I’m not sure I need to. Some moments are better left to the sacred sanctuary of our silence. But throughout the past forty-eight hours, and in the midst of my desire to bookmark this chapter in my life titled Little River UMC, I’ve come to a simple, yet grand conclusion about the weekend. A few words I’d like to serve as my “stone of remembrance” regarding the grace of God and just how far he has traveled on my behalf to bestow on me the gift of sacred participation in his kingdom work.

I love God and his Word more today than I did yesterday. I want to jump into the pages of Scripture and be part of the story. I want to bury my head in the midst of God’s truth until it spews out of my mouth and ears and hands and feet. I want to scour every inch of every word that’s been written in the Word until it becomes the final word behind my many words.

Why the passion? Why the urgency? Why the need?

Because yesterday God proved himself faithful … again. Yesterday, I stood as a living witness to the power and transformation of God’s Spirit existing within me. To be used by God and to know that this usefulness is happening as it happens is the greatest joy and confirmation I have ever known. It wasn’t the expressions on the faces of those who gathered that signaled to me my effectiveness; it was the impression I felt deep within my soul.

Yesterday, I made a heartfelt offering to God.
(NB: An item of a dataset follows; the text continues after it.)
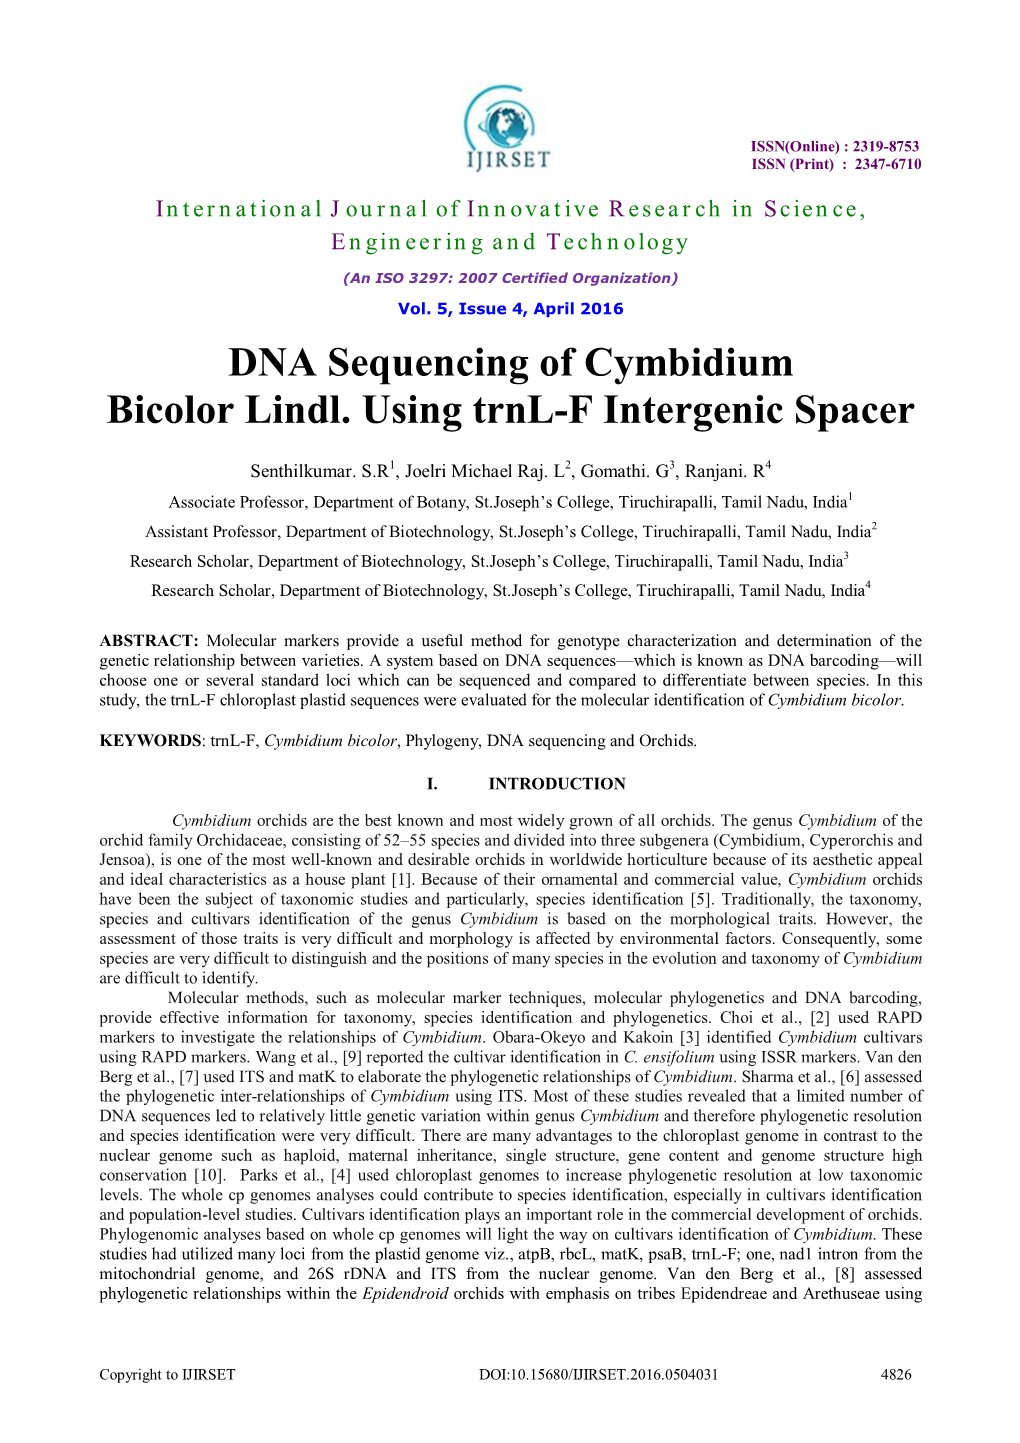 DNA Sequencing of Cymbidium Bicolor Lindl. Using Trnl-F Intergenic Spacer

In my time of preparation leading up to the event, I promised to give him my best—to be a student of his Word and then to take my “learning” and to share it liberally with his children. Tonight, my heart longs to watch the seeds of that sharing blossom into something more … perhaps some of the reason behind my stirring emotions this evening. But yesterday’s sowing belongs to another … to hands that are better able to grow all things in accordance with a master plan that exceeds my efforts at cultivation.
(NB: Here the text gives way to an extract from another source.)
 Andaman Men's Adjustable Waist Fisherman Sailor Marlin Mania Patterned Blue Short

Father God knows best the next steps in the journey … both theirs and mine. I must trust him with the “finishing” work. In the meantime, he tells me that we’ve got some finishing to do on my end. That I should fix my eyes on the road ahead, cast a glance in a forward direction, and continue my tutelage under his capable leadership.

I want to be prepared for more moments of having my heart stirred by holy impression. Whether they come to me through a group setting, a one-on-one encounter at the local grocery store, in my home or around the table with friends, wherever and whenever kingdom seed is called for, I want my pockets full for the sowing.

I don’t want to have to do research when the world comes knocking. I want to live the research that has come to me through intentional study and preparation. I want to prepared, in season and out to give a reason for the hope that I carry within my heart.

Thus, I get back to the Word this week. I keep learning, keep listening, keep bending to the leading of my Father’s initiative. He has something more for me, and I plan on jumping into the pages of holy writ in order to find it.

Would you join me in the search? Pull up your chair alongside of me in God’s classroom to see what he might want to teach you? Would you open up the good book to a good story and take your place as an active participant in the scene? All of God’s Word stands ready for our willing participation. None of it is null and void of purpose. It’s still breathing with authenticity, with life, and with the power to change hearts, move mountains, and bring us to our knees in absolute wonder regarding its worth.

I want God’s wonder this week; I want the same for you. All of us, every last one of us, are given a measure of influence upon this earth. Let’s invest our portion toward kingdom end, and let’s do so in remembrance and thankfulness for the grace we’ve tasted. As always…

peace for the journey,

PS: You might remember me writing about Mr. Calvin and the strong impression he had on me when I visited Little River last year (click here to read). That’s him in the picture above. He found me during a session break, and when I invited him to sit in on the last session with the ladies, he went home, put on a suit and returned. Truly, he is one of God’s most precious saints. I’ll see you again, Calvin.